* Data excerpt

==========

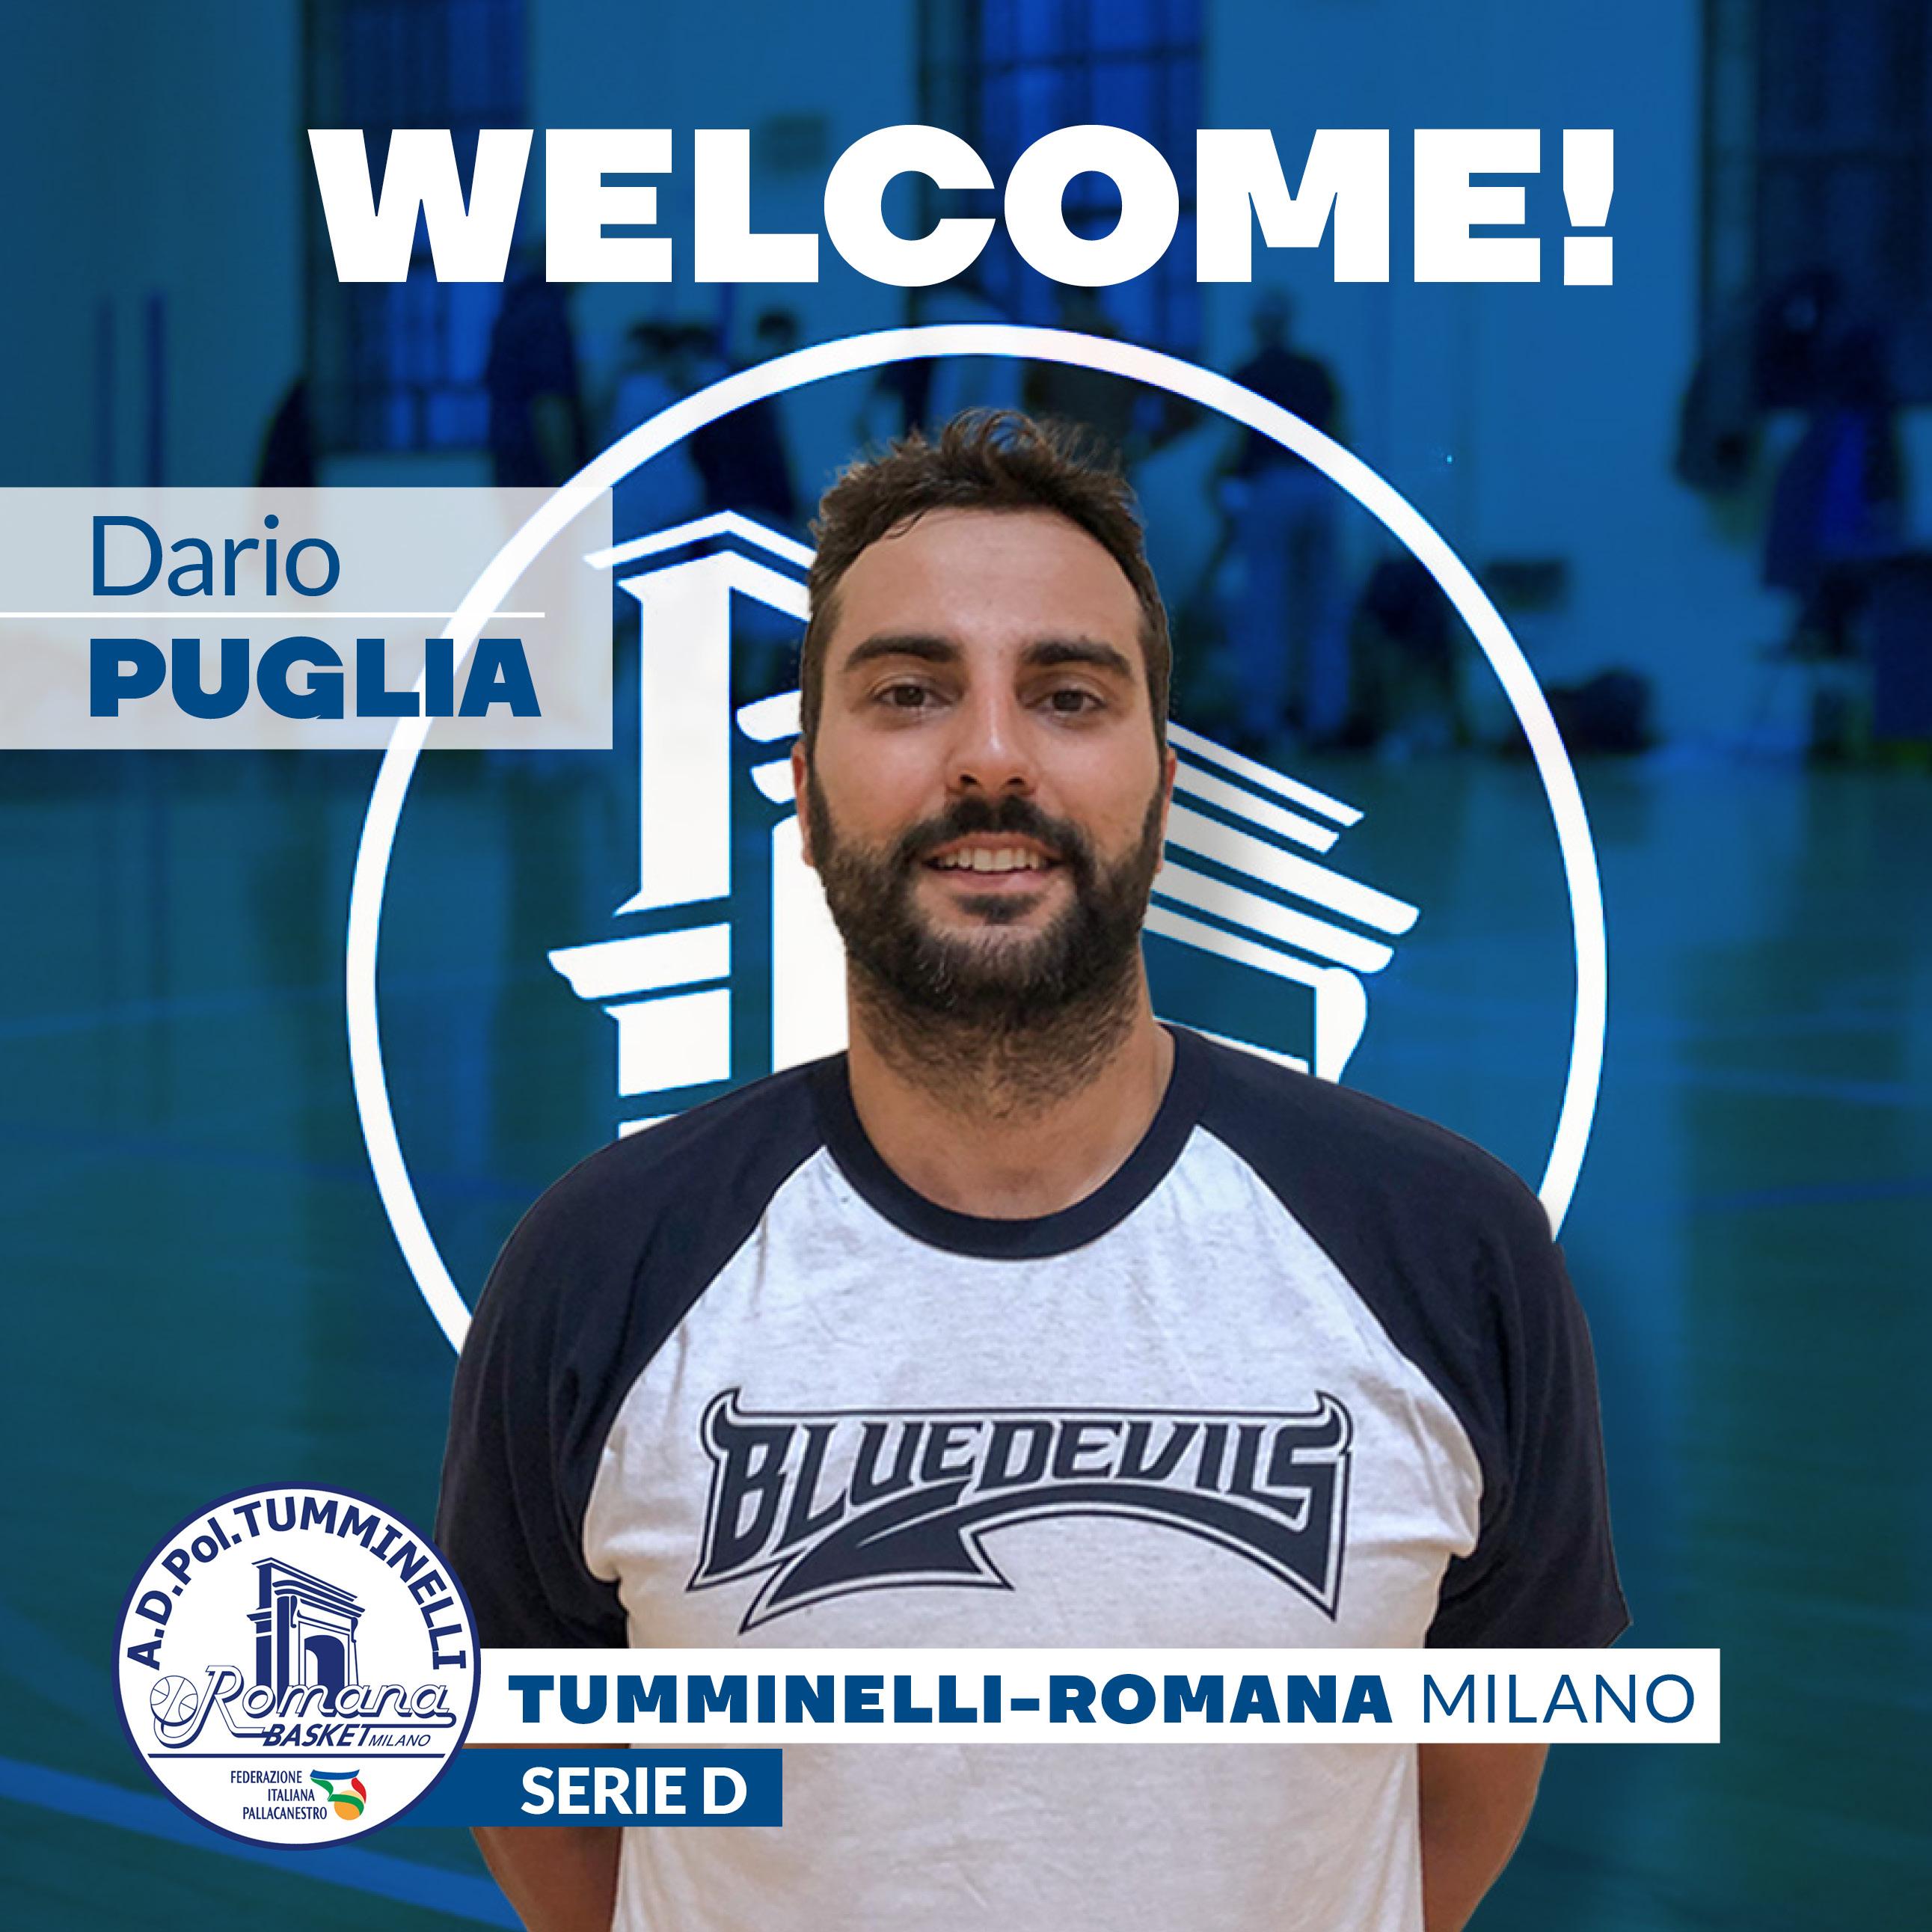 Dario Puglia
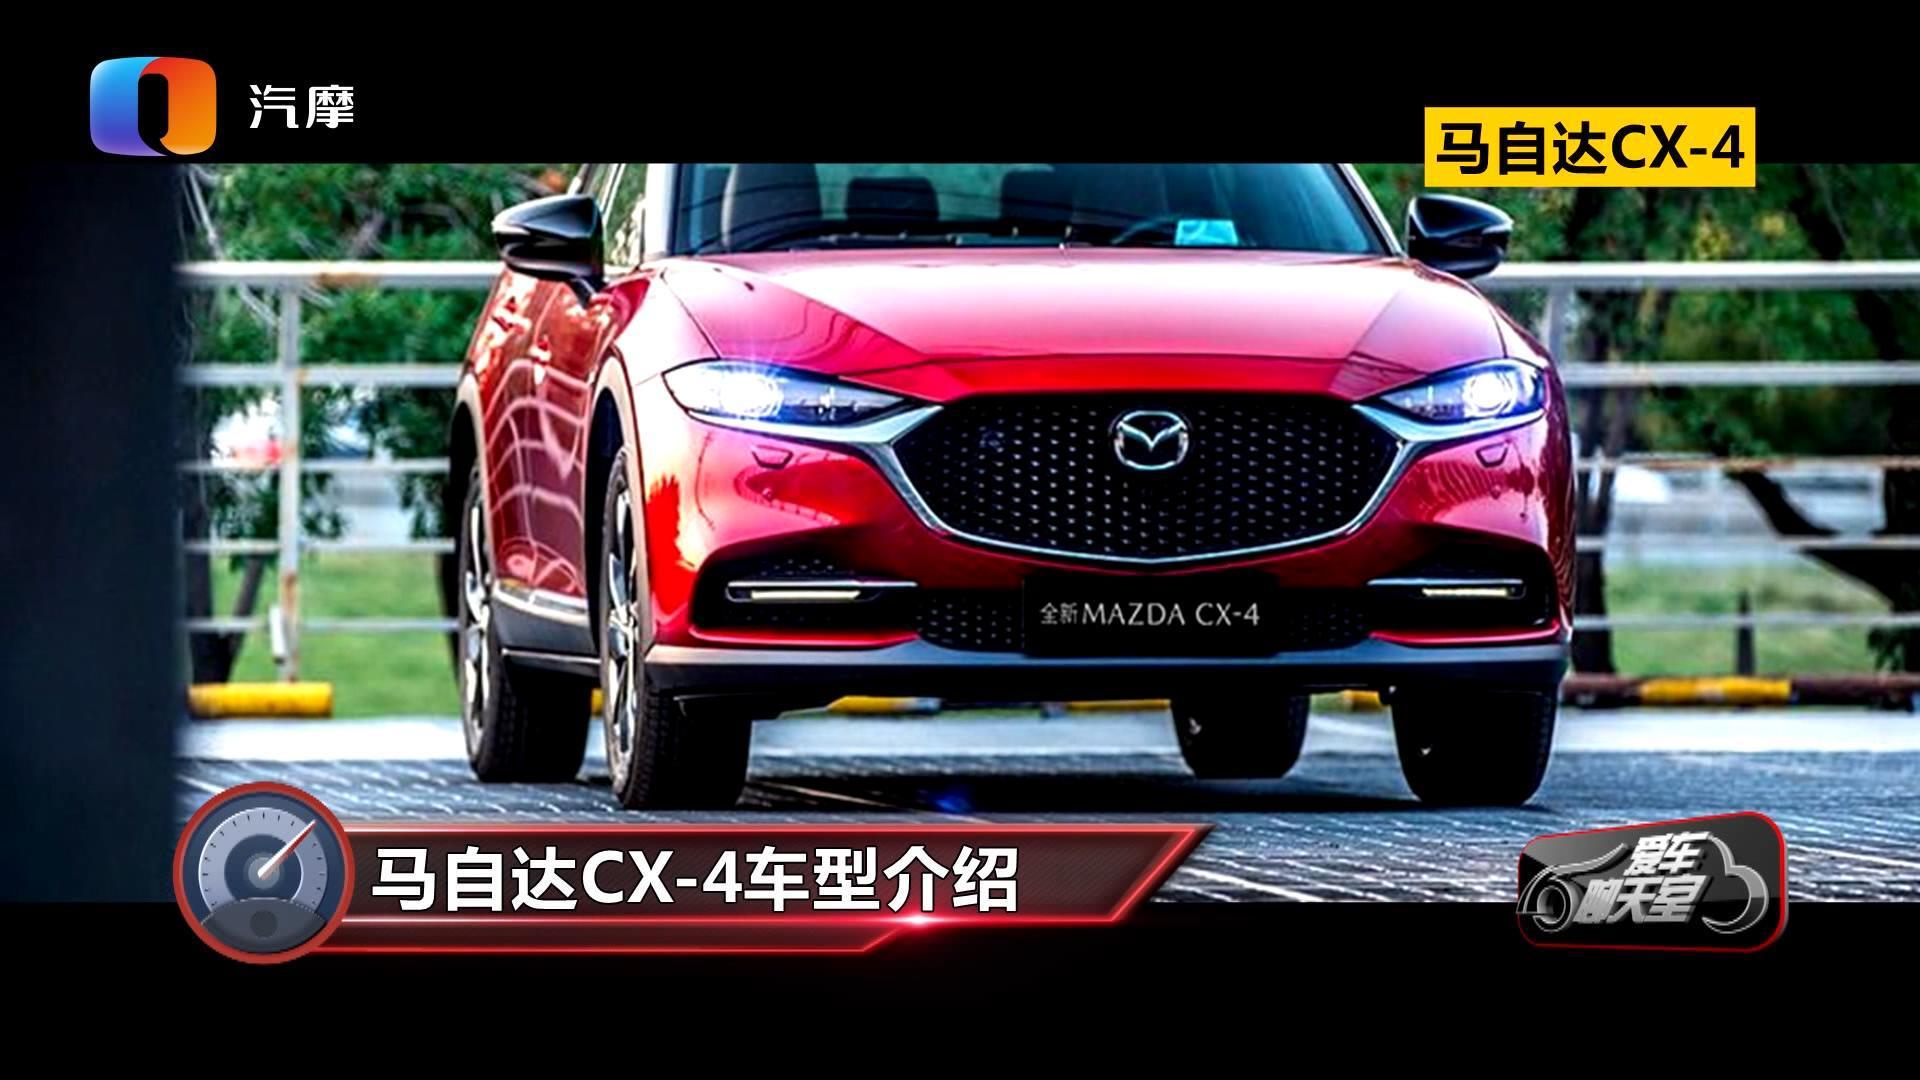 马自达CX-4怎么样?2.5L动力足够吗?
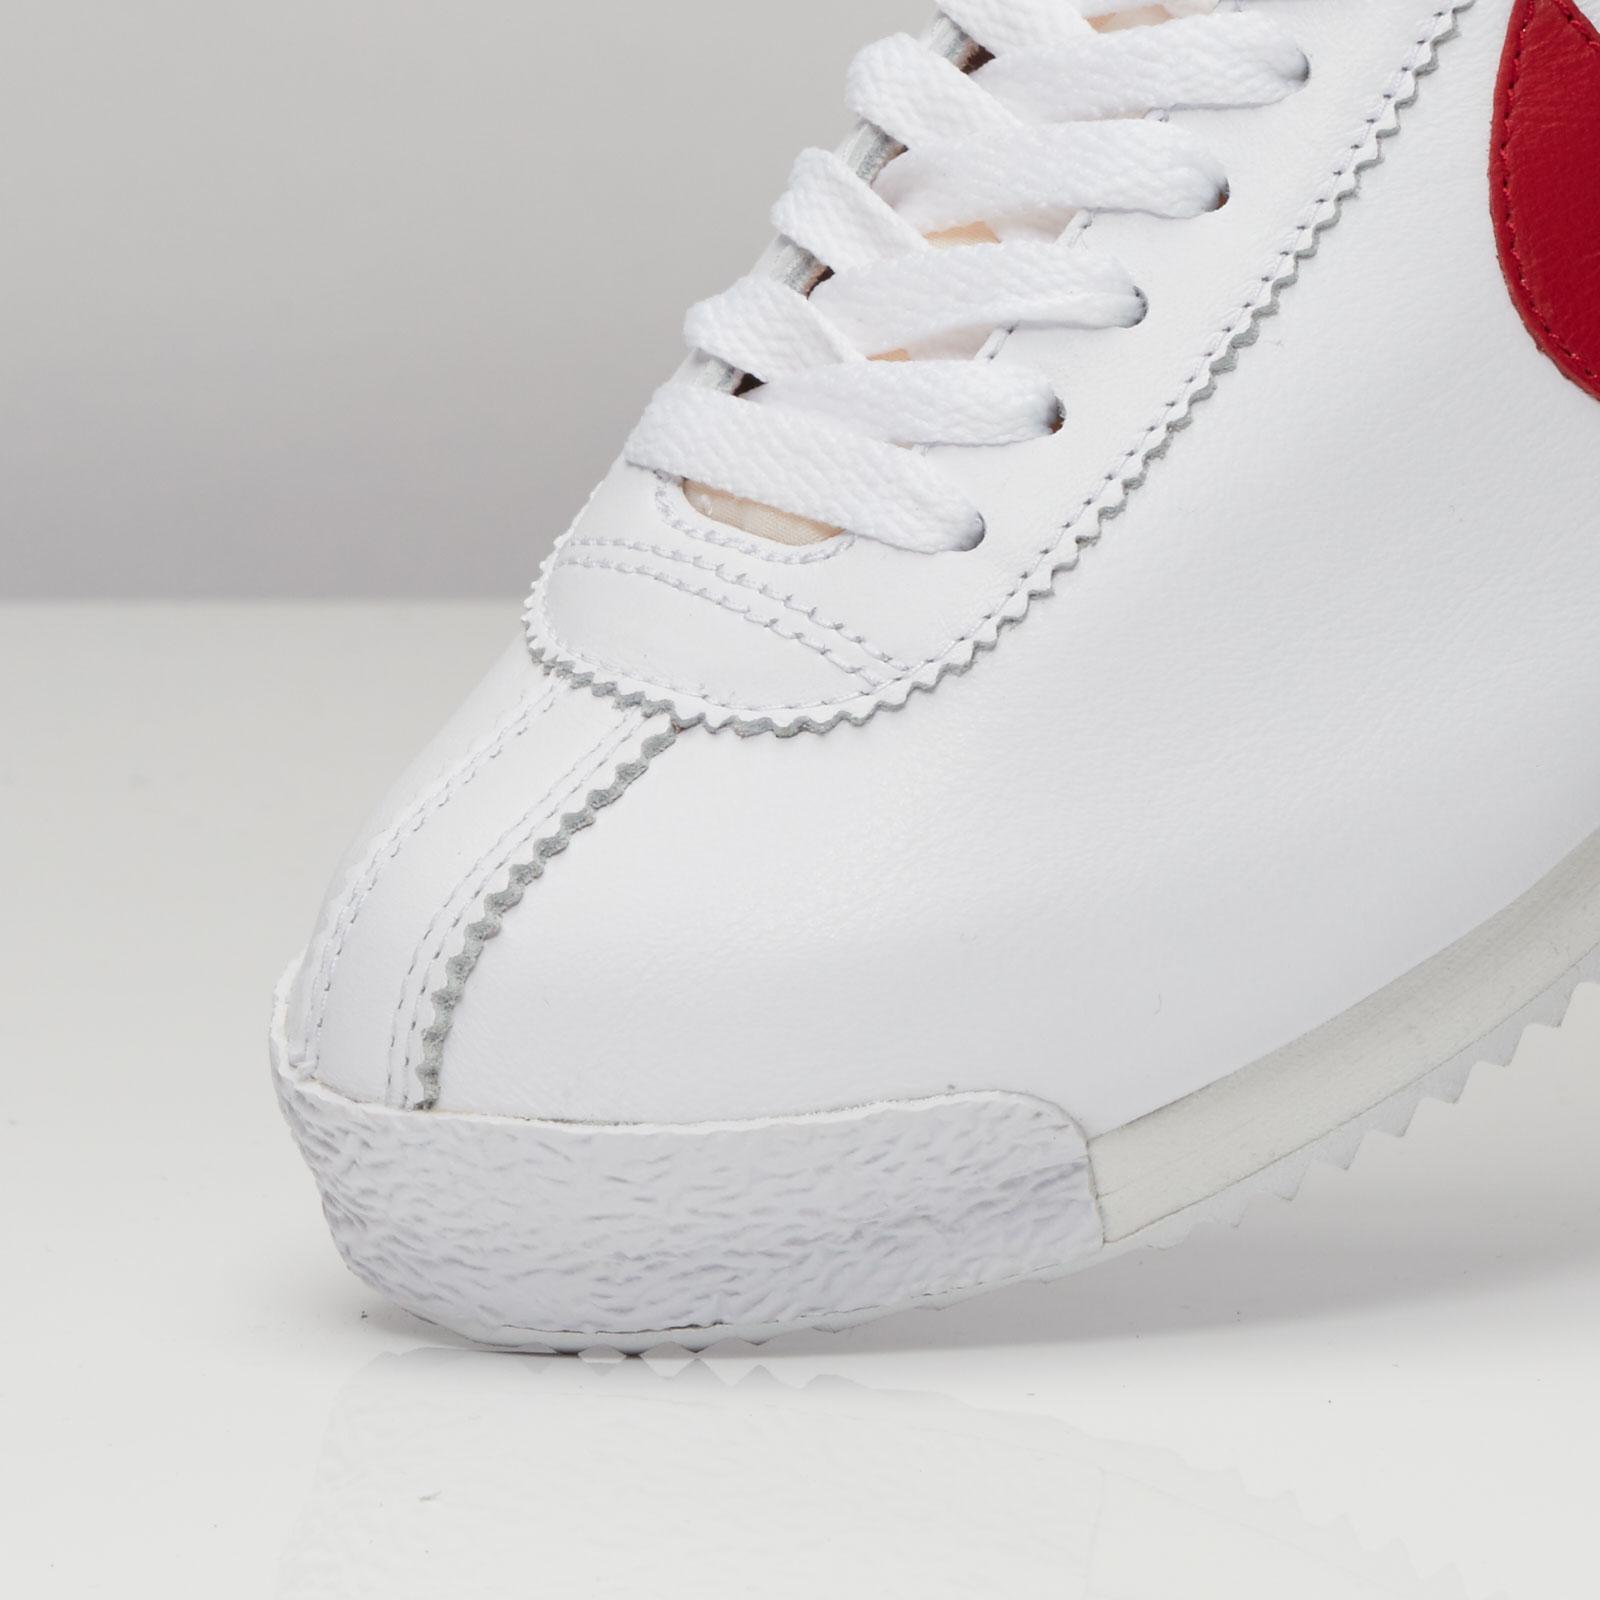 new product 0e856 c3ac2 Nike Wmns Nike Cortez 72 - 847126-101 - Sneakersnstuff   sneakers    streetwear online since 1999

==========

* What to do
When you retype the data above, match every line exactly and leave the pictures behind.

* Response
 Dario Puglia
 马自达CX-4怎么样?2.5L动力足够吗?
 new product 0e856 c3ac2 Nike Wmns Nike Cortez 72 - 847126-101 - Sneakersnstuff   sneakers    streetwear online since 1999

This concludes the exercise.